As previously described, when first connecting to a peer-to-peer network, a node may at least publish its the LBF that reflects locally available data objects. Other updates may be triggered by addition or deletion of a data object locally accessible by a node. One example of how a node may handle updates received from a peer node is shown in the flowchart 500 of FIG. 5. The procedure begins (502) with the received Bloom-filter update, BFUpdate, and an identifier of the remote host, remHost. The remhost identifier is typically an IP address, although other identifiers may be used. The remHost identifier may be checked (504) to see if this host is in the immediate peer list. In this example, the list of identifiers for immediate peers is contained in the collection immPeerList. If remhost is in immPeerList (504), the local collection of RBF data is updated (506). This collection of RBF data is represented as RBFList, similar to the example of FIG. 4.

If the address of the updating host is not in the list, then this may be a newly connected peer, and the BFUpdate and remHost may be added (508) to the RBFList collection. Once this maintenance of the RBFList is complete, the receiving node can proceed to send the update to immediate peers. For each peer, a synopsis Bloom-filter is formed that represents the data accessible by other immediately connected peers.

The list of immediate peers is traversed by removing each host identifier from immPeerList and checking (512) for the end of list (e.g., a null). The synopsis for this node is initialized (514) to the LBF. The synopsis may be initialized to other values, such as a zero vector, in cases where no LBF is used to advertise locally available data. Next, the list of RBFs is traversed by removing each RBF from RBFList and checking (516) for null. The RBF removed from RBFlist contains a reference to the address of the peer that will receive the RBF.

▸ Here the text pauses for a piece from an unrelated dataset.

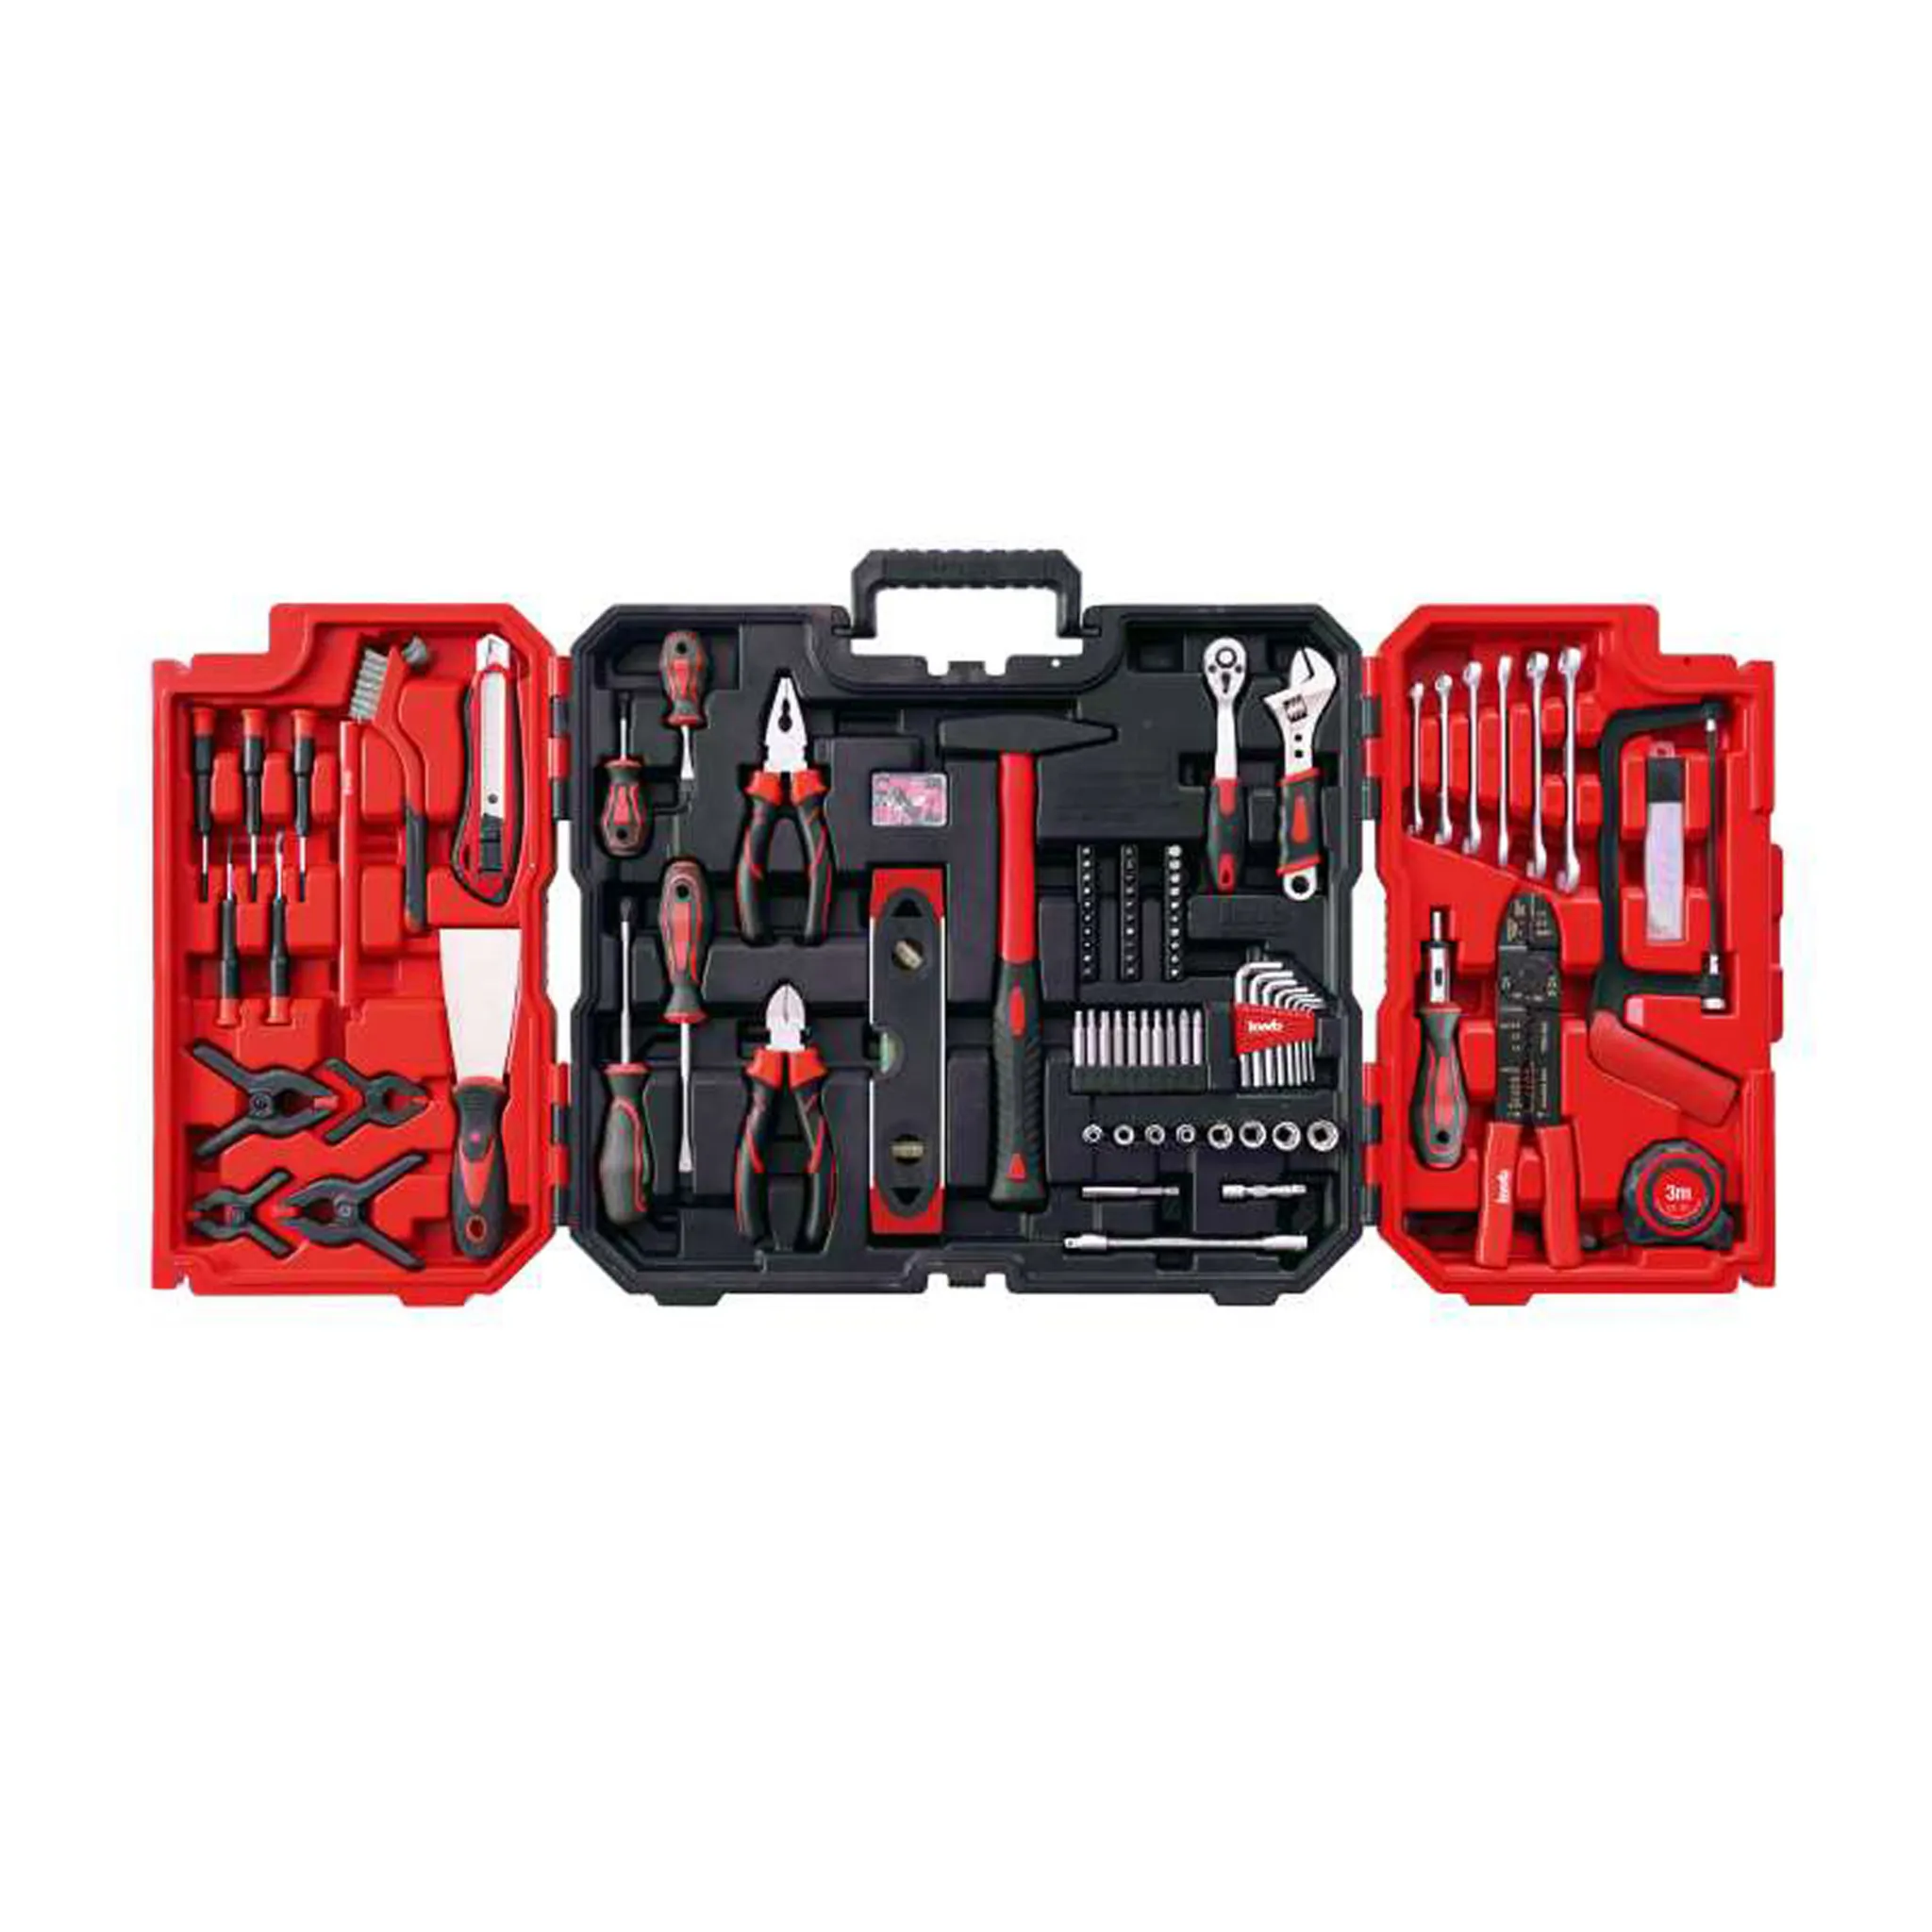 125 Werkzeug-Set, inkl. kwb Werkzeug-Koffer

The updated RBF sent from this node to an immediate peer should not include any Bloom-filter data of the immediate peer. Therefore, if the address of this RBF equals (518) that of the destination peer, the RBF is skipped from being added to the synopsis. Otherwise, the RBF can be logically OR'd (520) to the synopsis. Once all the RBFs in RBFList have been traversed, the synopsis may be added (522) to the list. After a synopsis has been built for each immediate peer, the list can be sent (524) to the immediate peers, and the procedure can exit (526).

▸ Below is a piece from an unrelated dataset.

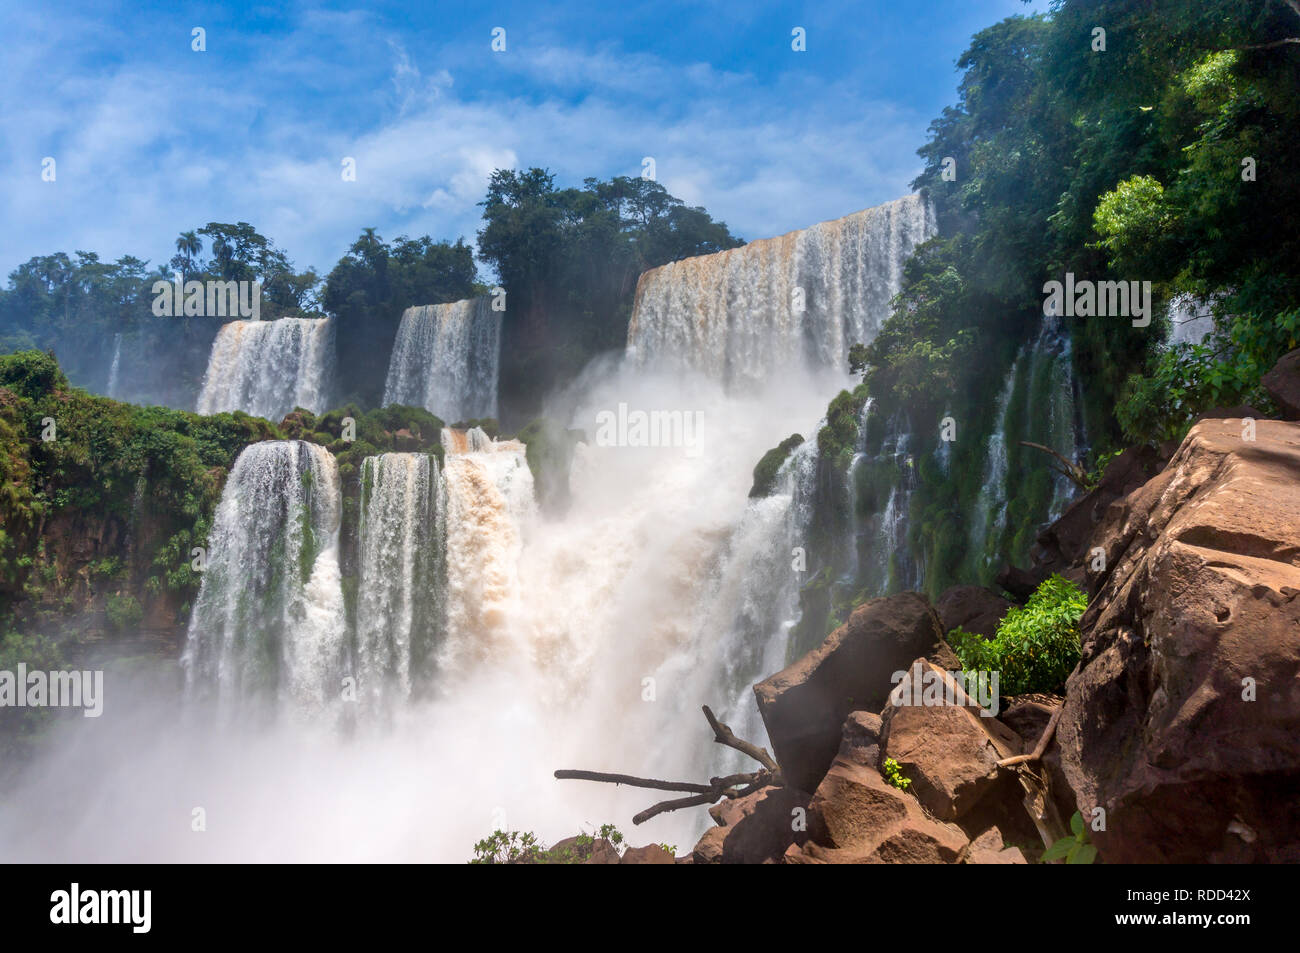 Schönen Wasserfällen von Iguazu Wasserfälle, Argentinischen Seite Stockfoto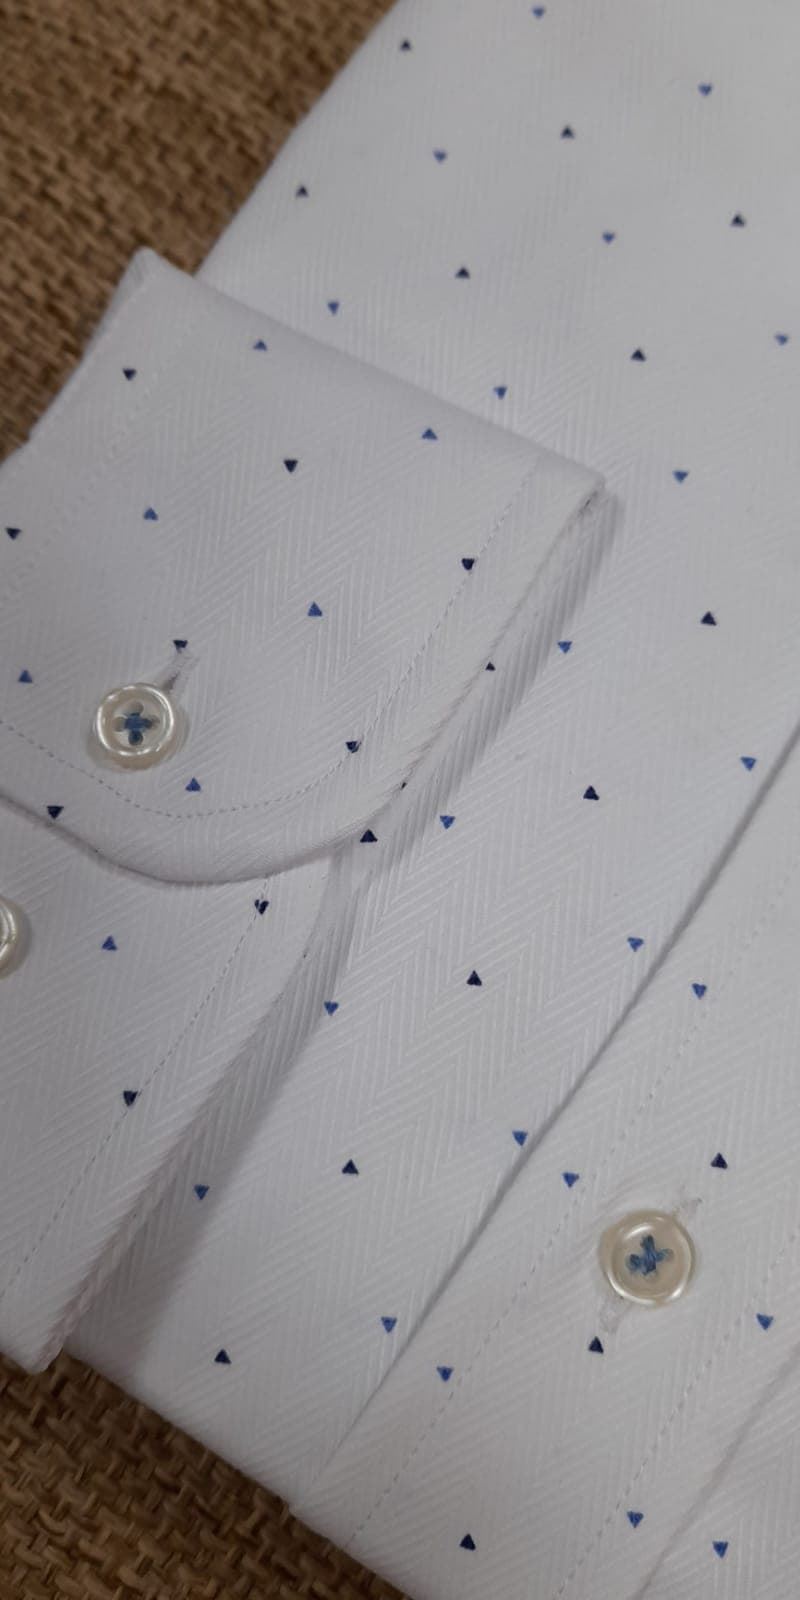 Camisa manga larga taylor azul - Imagen 2

The network clients, servers or other systems for providing peer-to-peer networking using Bloom-filter query routing may be any type of computing device capable of processing and communicating digital information. An example of a representative computing system capable of carrying out operations in accordance with embodiments of the present invention is illustrated in FIG. 7. Hardware, firmware, software or a combination thereof may be used to perform the various querying and data transfer operations described herein. The computing structure 700 of FIG. 7 is an example computing structure that can be used in connection with such a peer-to-peer system.

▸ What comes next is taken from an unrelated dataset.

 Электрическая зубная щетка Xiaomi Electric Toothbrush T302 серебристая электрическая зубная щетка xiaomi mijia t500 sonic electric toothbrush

The example computing structure 700 includes a computing arrangement 701. The computing arrangement 701 may act a servent or other network entity used for processing and delivering data objects in a peer-to-peer network. The computing arrangement 701 includes a central processor (CPU) 702 coupled to random access memory (RAM) 704 and read-only memory (ROM) 706. The ROM 706 may be any type of storage media used to store programs, such as programmable ROM (PROM), erasable PROM (EPROM), etc. The processor 702 may communicate with other internal and external components through input/output (I/O) circuitry 708 and bussing 710, to provide control signals and the like. For example, processing of queries may be performed by the computing arrangement 701 directed by instructions from a peer-to-peer protocol module 736 that references stored Bloom-filters 738.

External data storage devices, such as databases used for accessing data object queries, may be coupled to I/O circuitry 708 to facilitate data transfer functions according to the present invention. Alternatively, such databases may be locally stored in the storage/memory of the server 701, or otherwise accessible via a local network or networks having a more extensive reach such as the Internet 728.

The computing arrangement 701 may also include one or more data storage devices, including hard and floppy disk drives 712, CD-ROM drives 714, and other hardware capable of reading and/or storing information such as DVD, etc. In one example, software for carrying out peer-to-peer queries based on Bloom-filters may be stored and distributed on a CD-ROM 716, diskette 718 or other form of media capable of portably storing information. These storage media may be inserted into, and read by, devices such as the CD-ROM drive 714, the disk drive 712, etc. The software may also be transmitted to computing arrangement 701 via data signals, such as being downloaded electronically via a network, such as the Internet 728. The computing arrangement 701 may be coupled to a display 720, which may be any type of known display or presentation screen, such as LCD displays, plasma display, cathode ray tubes (CRT), etc. A user-input interface 722 may be provided, including one or more user interface mechanisms such as a mouse, keyboard, microphone, touch pad, touch screen, voice-recognition system, etc.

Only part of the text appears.